*Collected material*:
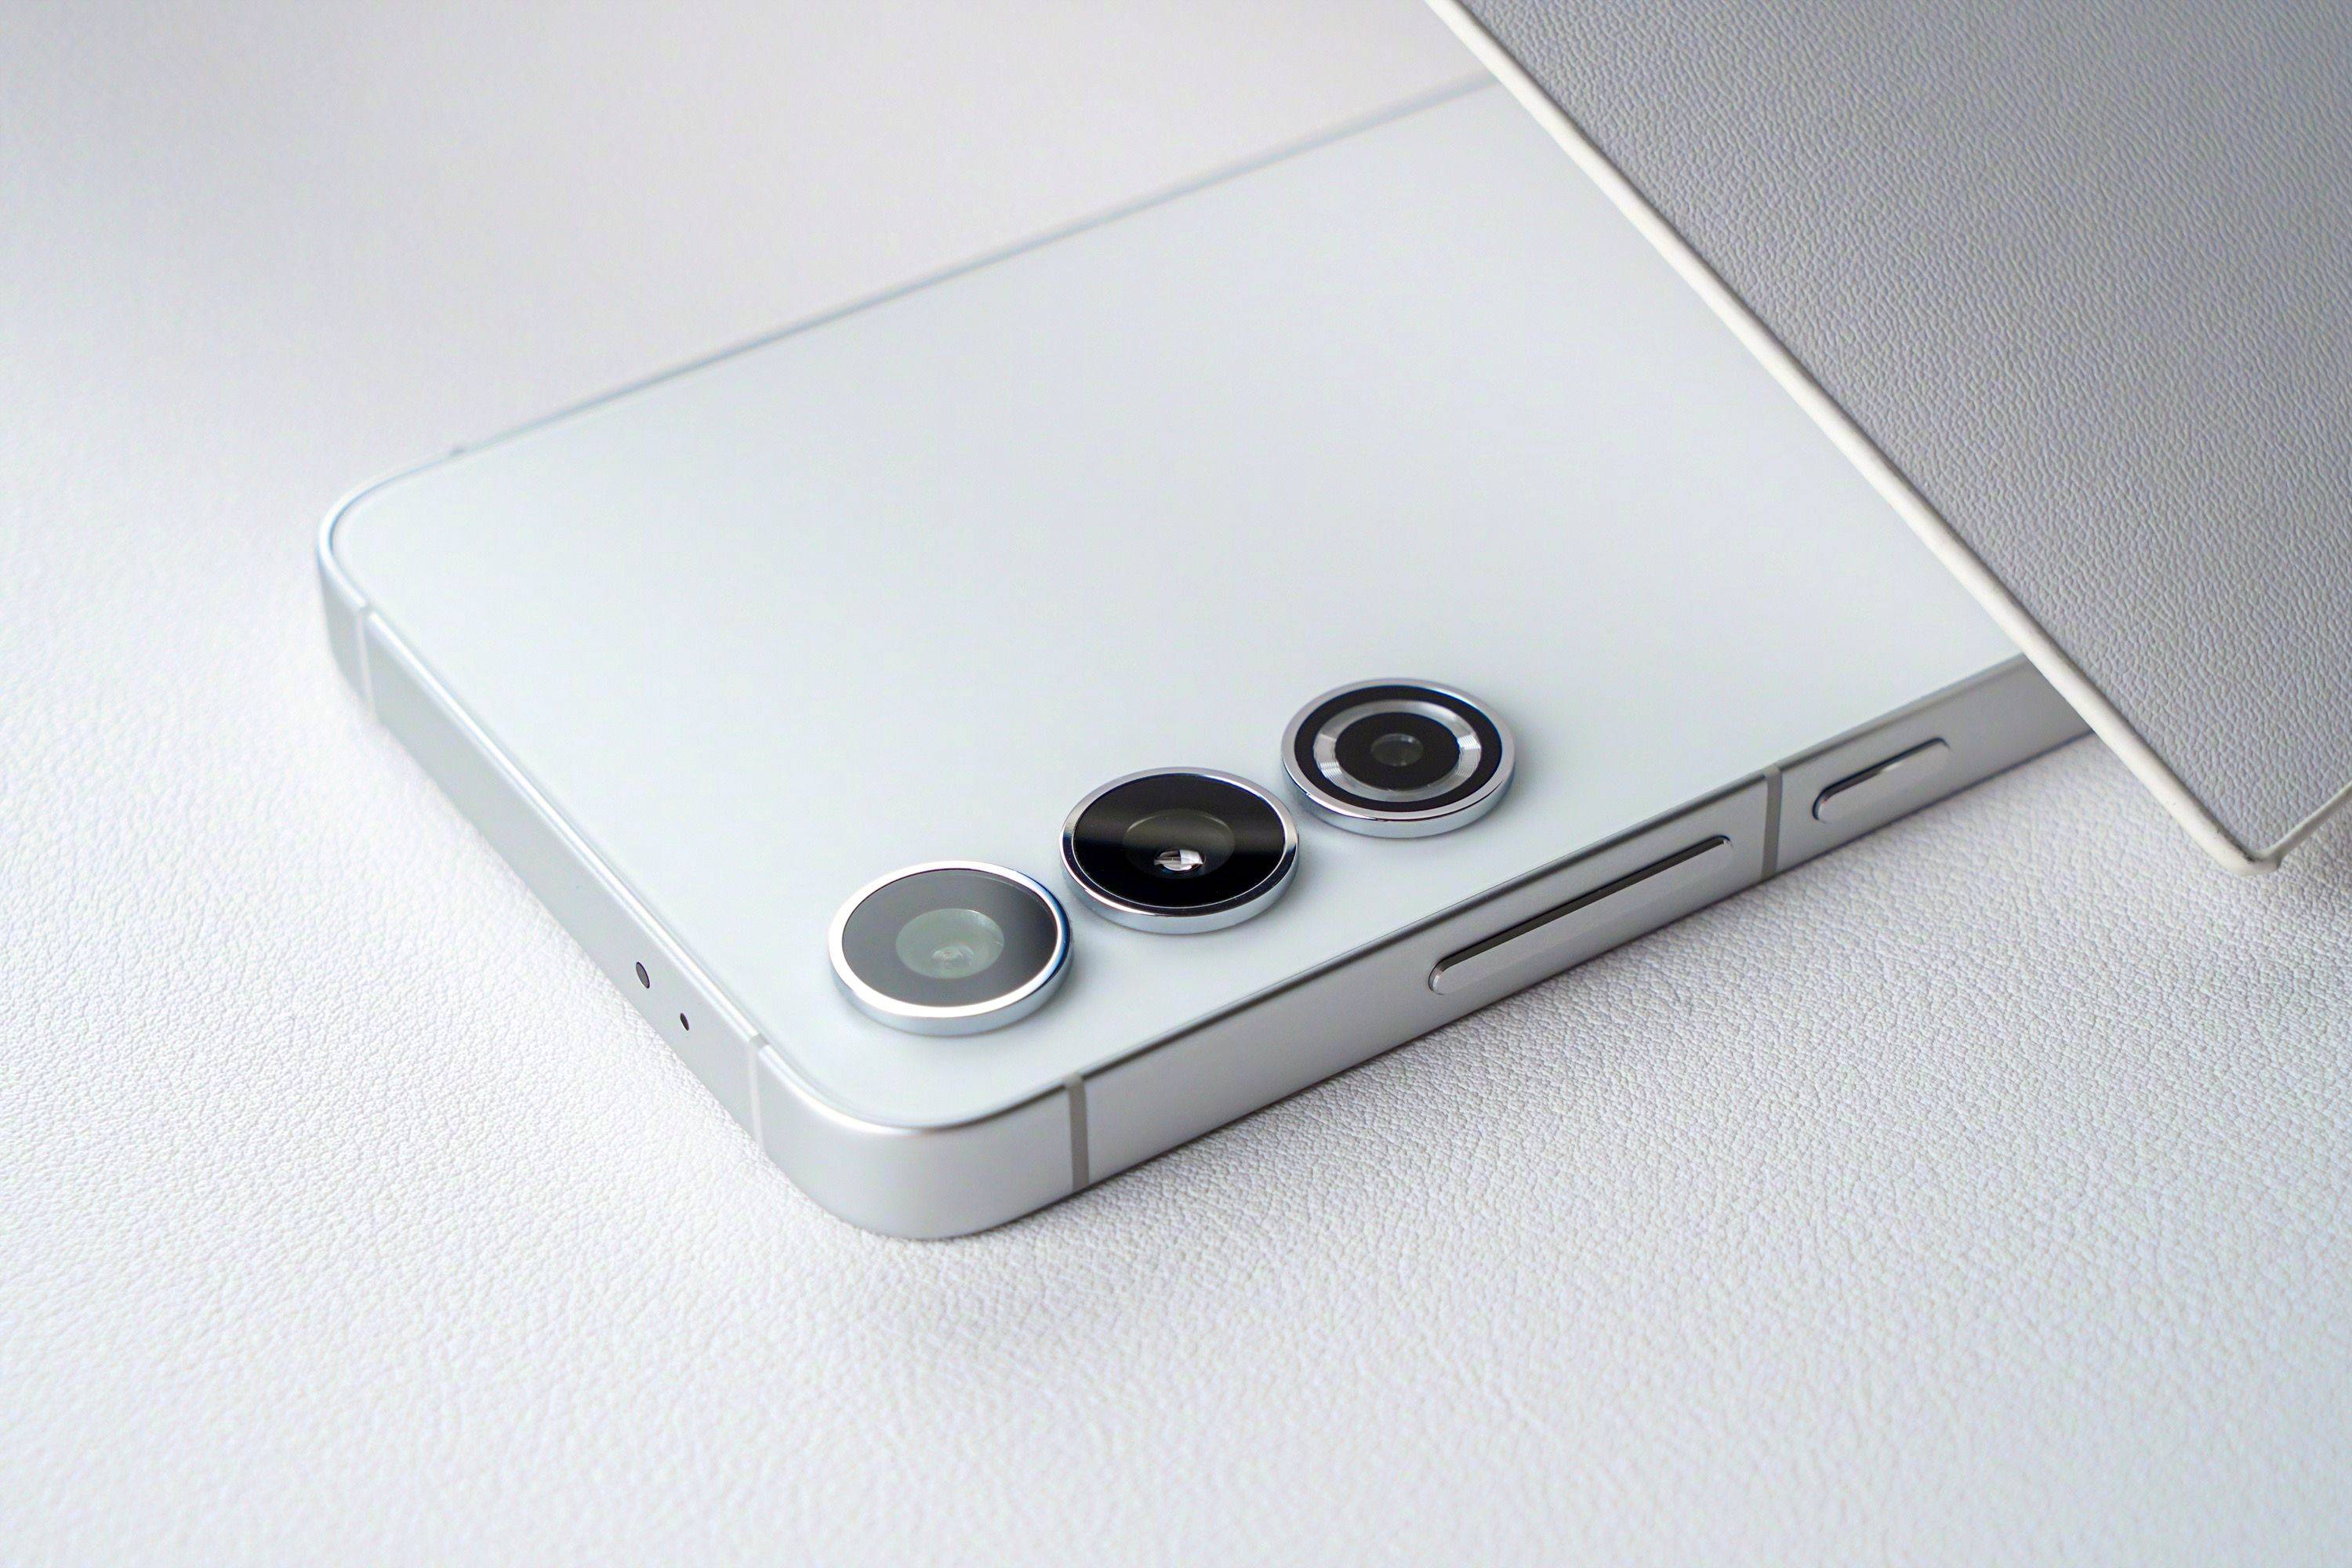 W stylu iPhone'a: Samsung Galaxy S24 i S24+ otrzymają zaktualizowany design z płaskimi ramkami bocznymi
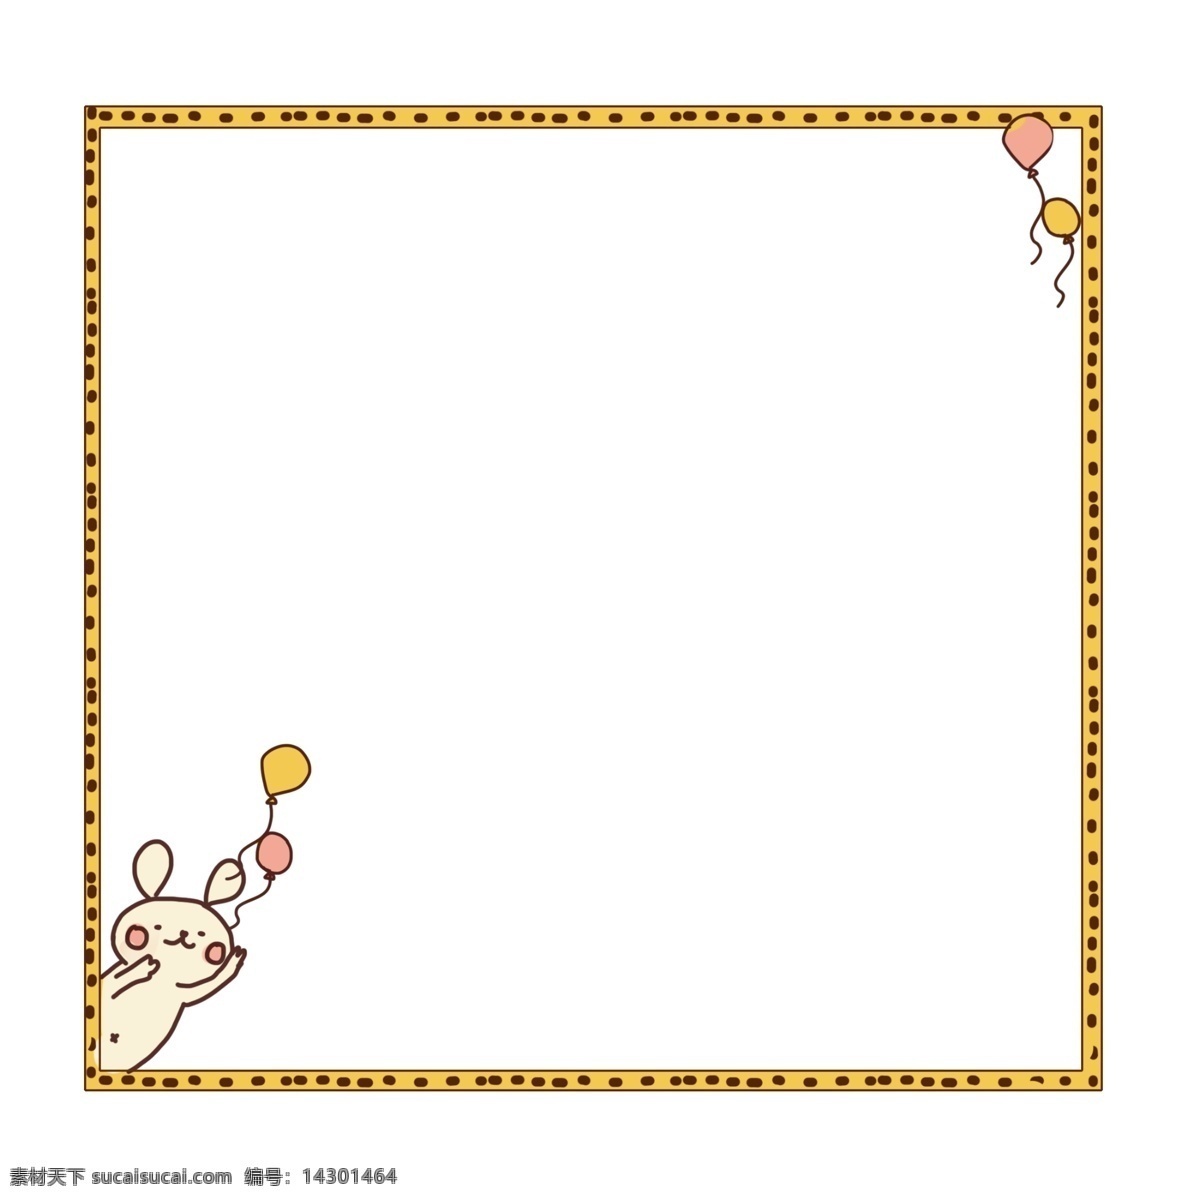 小 兔子 气球 边框 小兔子边框 黄色的边框 气球边框 边框装饰 边框插画 立体边框 可爱的边框
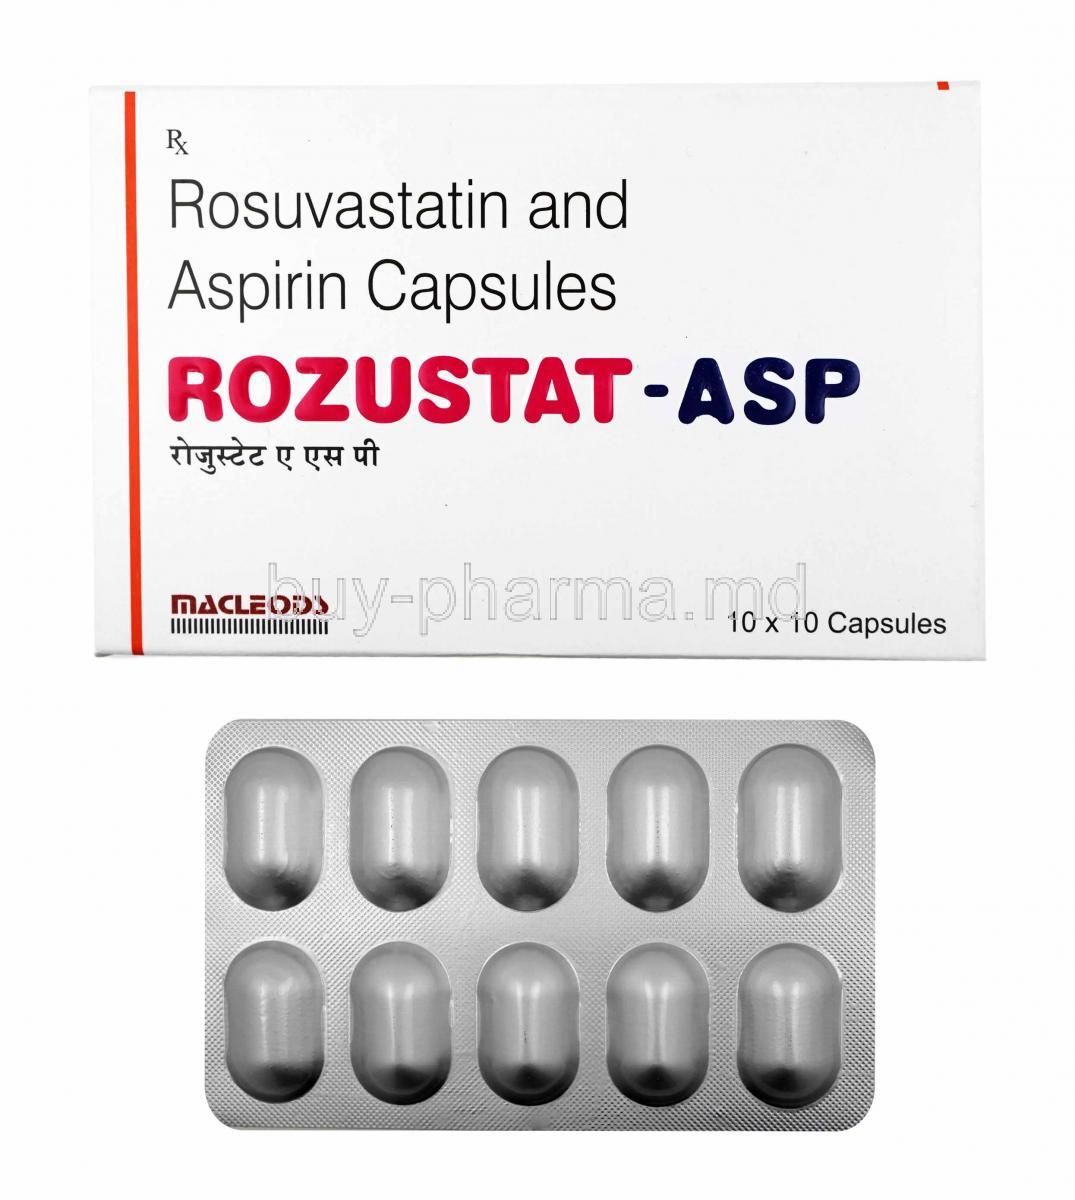 Rozustat-ASP, Rosuvastatin and Aspirin box and capsules
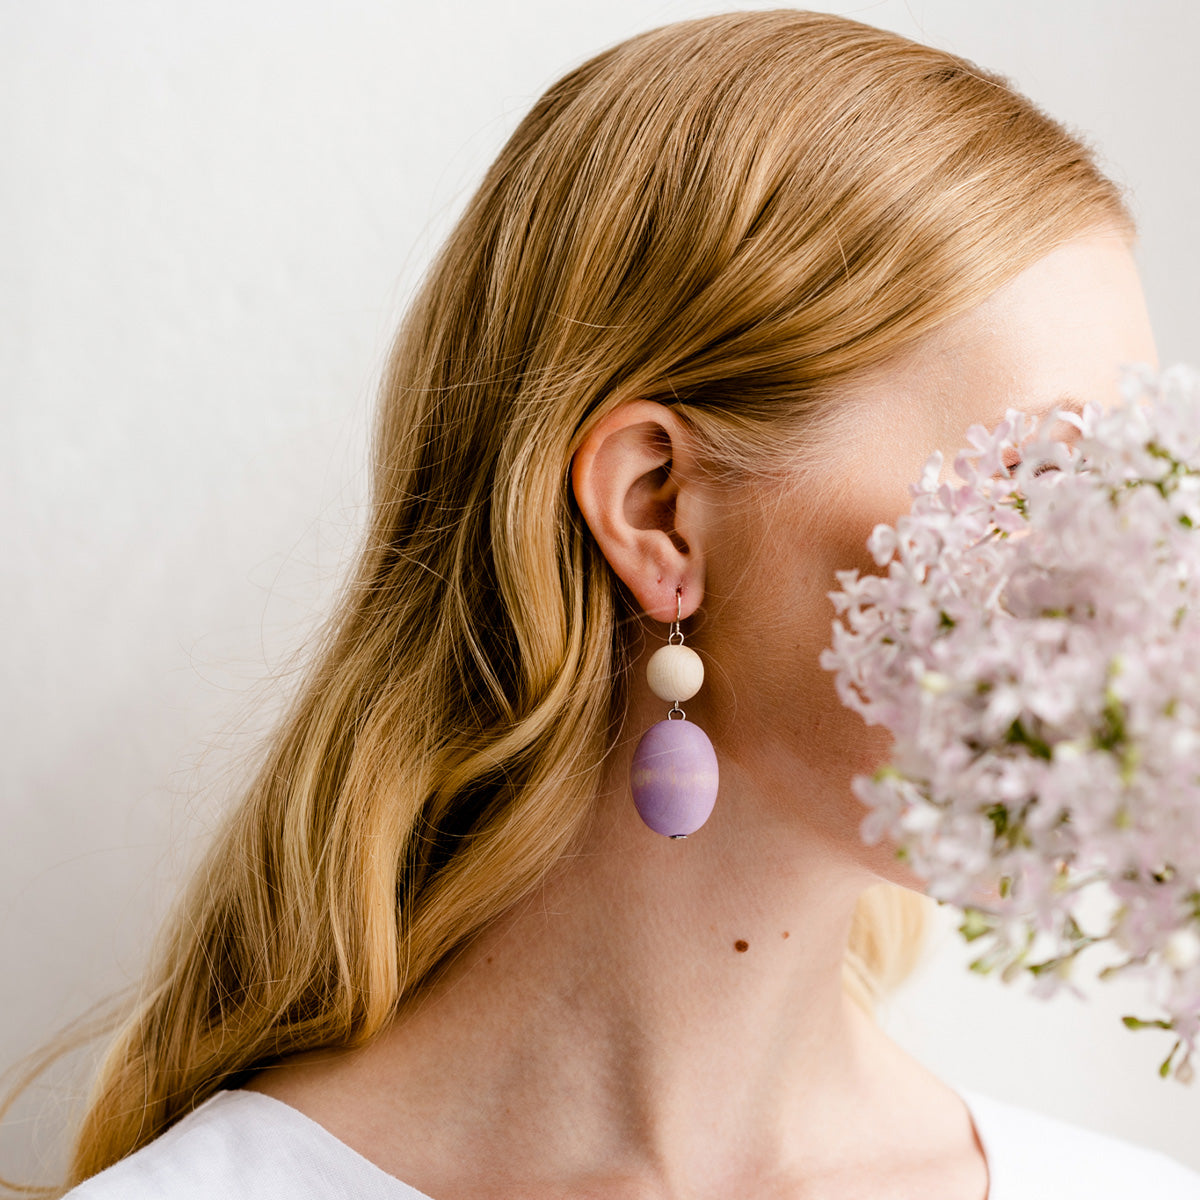 Taateli earrings, lavender

*Brief*: The data above must be reproduced exactly, without any of its pictures.

*Output of the task*:
 W stylu iPhone'a: Samsung Galaxy S24 i S24+ otrzymają zaktualizowany design z płaskimi ramkami bocznymi
 小 兔子 气球 边框 小兔子边框 黄色的边框 气球边框 边框装饰 边框插画 立体边框 可爱的边框
 Rozustat-ASP, Rosuvastatin and Aspirin box and capsules
 Taateli earrings, lavender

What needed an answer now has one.